My dear, sweet grandmother knew that I was struggling with my postpartum body image, and wanted to help me feel better. In an attempt to cheer me up and put a smile on my clearly easy-to-read face, she bought me some new clothes. That woman is a saint in my eyes, but she also thinks I'm still the size I was in high school. I'm not unhealthy and I'm not one to even dwell on size, in general, but I'm definitely not the size I was when I was 18. Like, not even close. I was at home with both of my boys when I decided to try on the things she bought me. Most of her purchases didn't fit, or they didn't look the way I wanted them to look, so I began my usual downward spiral of self-hatred as I picked my body apart. Her attempt at making me feeing better had backfired, and I started feeling even worse about the body I was now inhabiting.
As I was looking at myself in the mirror, wearing one of the skirts my grandmother had bought me, my almost three-year-old walked into my bedroom. His sweet little face lit up and he said something that so surprising that, still, I get emotional thinking about his sweet voice. "Mah, you look like a princess!" he exclaimed, very interested in the colorful skirt I was wearing. "Really?" I asked him. My son sweetly replied,"Yeah, you're a princess."

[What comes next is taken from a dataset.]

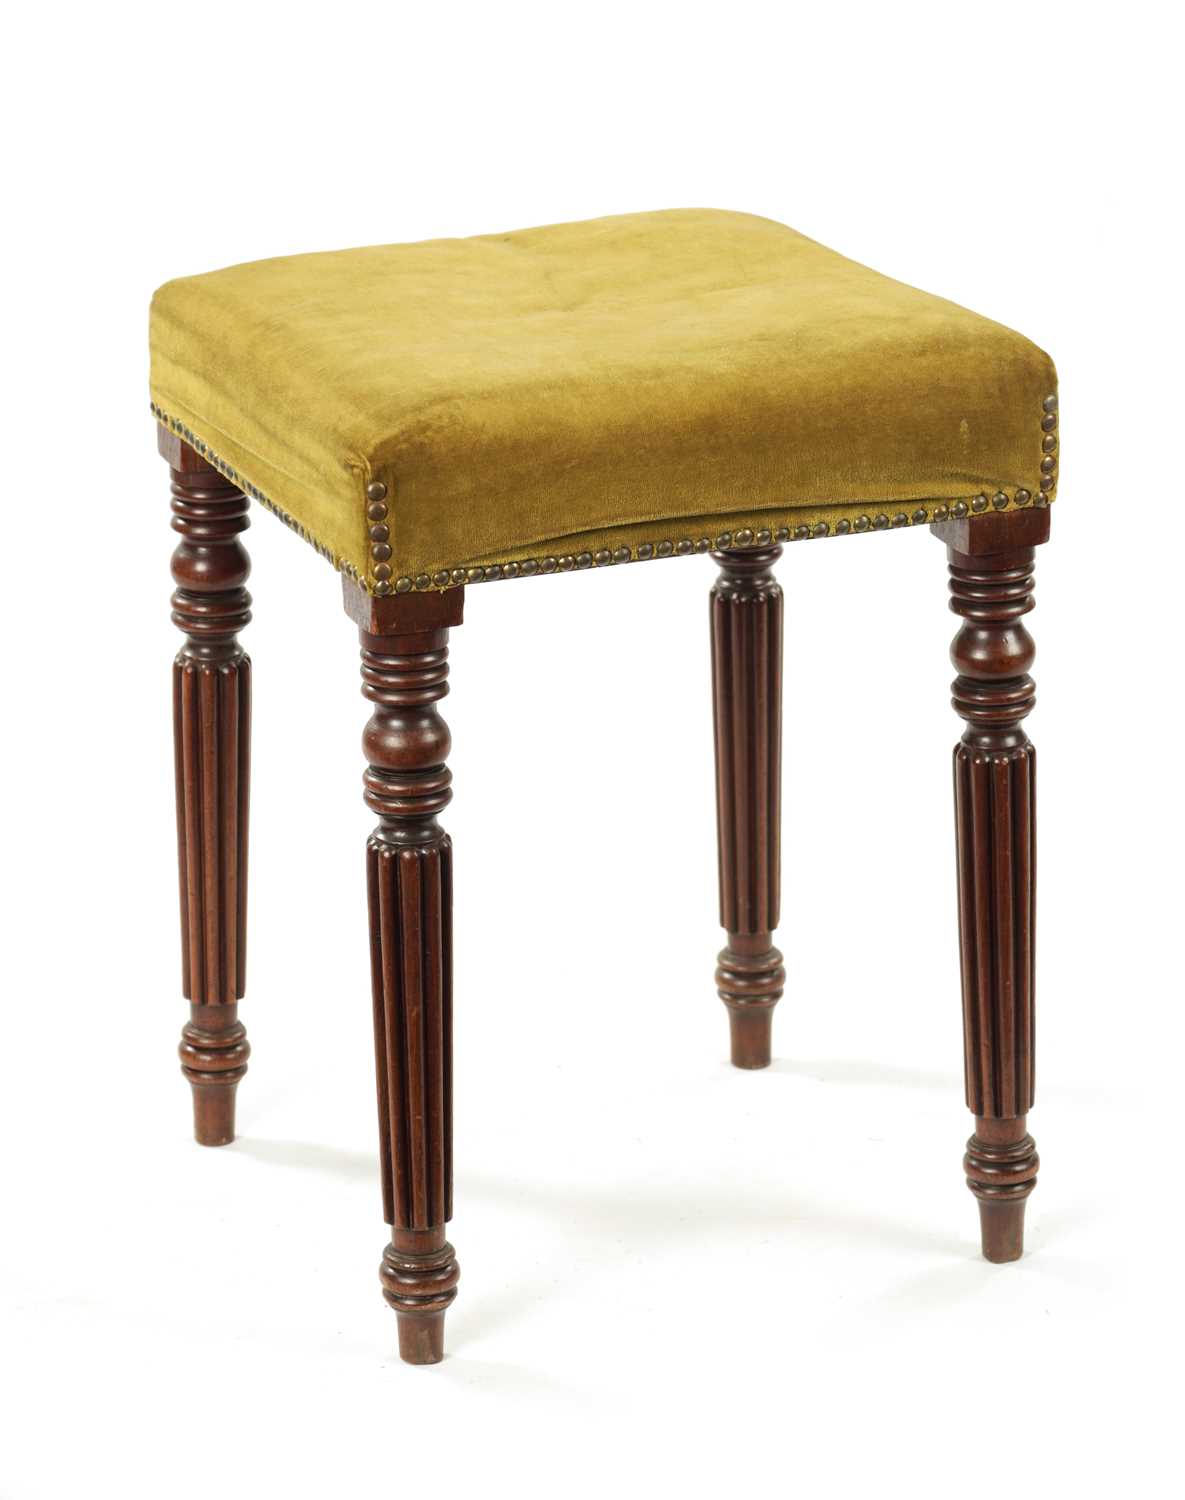 A WILLIAM IV MAHOGANY UPHOLSTERED STOOL IN THE MANNER OF GILLOWS
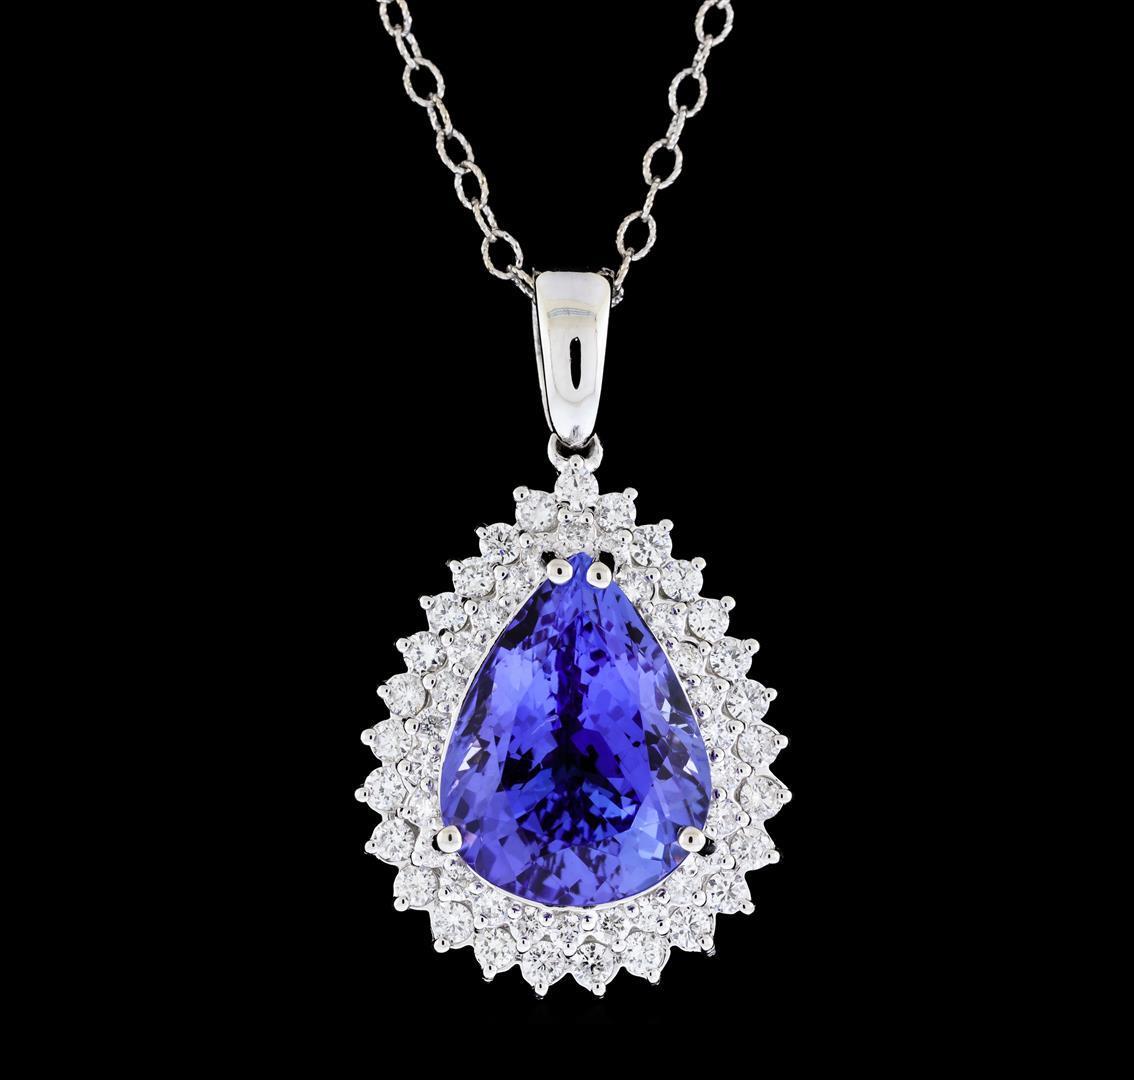 10.79 ctw Tanzanite and Diamond Pendant With Chain - 14KT White Gold

I had been so busy picking out everything that I didn't like about my body, completely obsessed with my appearance, that I completely forgotten about what was really important. My body changed for two beautiful reasons and it did something miraculous twice: it gave me my sons. My boys won't remember whether or not I had love handles or a few extra pounds on me; they won't remember if I was the picture of physical perfection, or if I had a little flab around my belly; they won't remember the size of my pants or if I fit some socially created, predetermined standard of beauty. No, they'll remember me playing in the pool with them, even though putting on a swim suit makes me quiver. They'll remember me taking them to the park and playing on the monkey bars with them, even though going out in public (wearing something other than my pajamas) gives me anxiety. They will remember me and how I made them feel and the laughs we shared and the memories we made, not their mom's "imperfect" body.
Of course, there are things that I want to teach my sons about body positivity, but I never imagined that they would be the ones teaching me to learn how to love my body. When they look at me, they don't see a person who isn't worthy of love or admiration because she never "got her body back." They see someone who builds them blanket forts and provides them with endless snacks. They see someone who reads them countless stories and runs through the sprinkler with them without a thought or care in the world. They see someone they love and trust and care deeply about, and someone who deserves to be loved and respected.
It's still going to take time and I'm still working on completely loving the body I now have, but when I start to dwell on the pounds or love handles or some inner-need to spend a significant amount of time on the treadmill, I think about what my sons really see. They see a princess, and it's about time I started seeing that, too.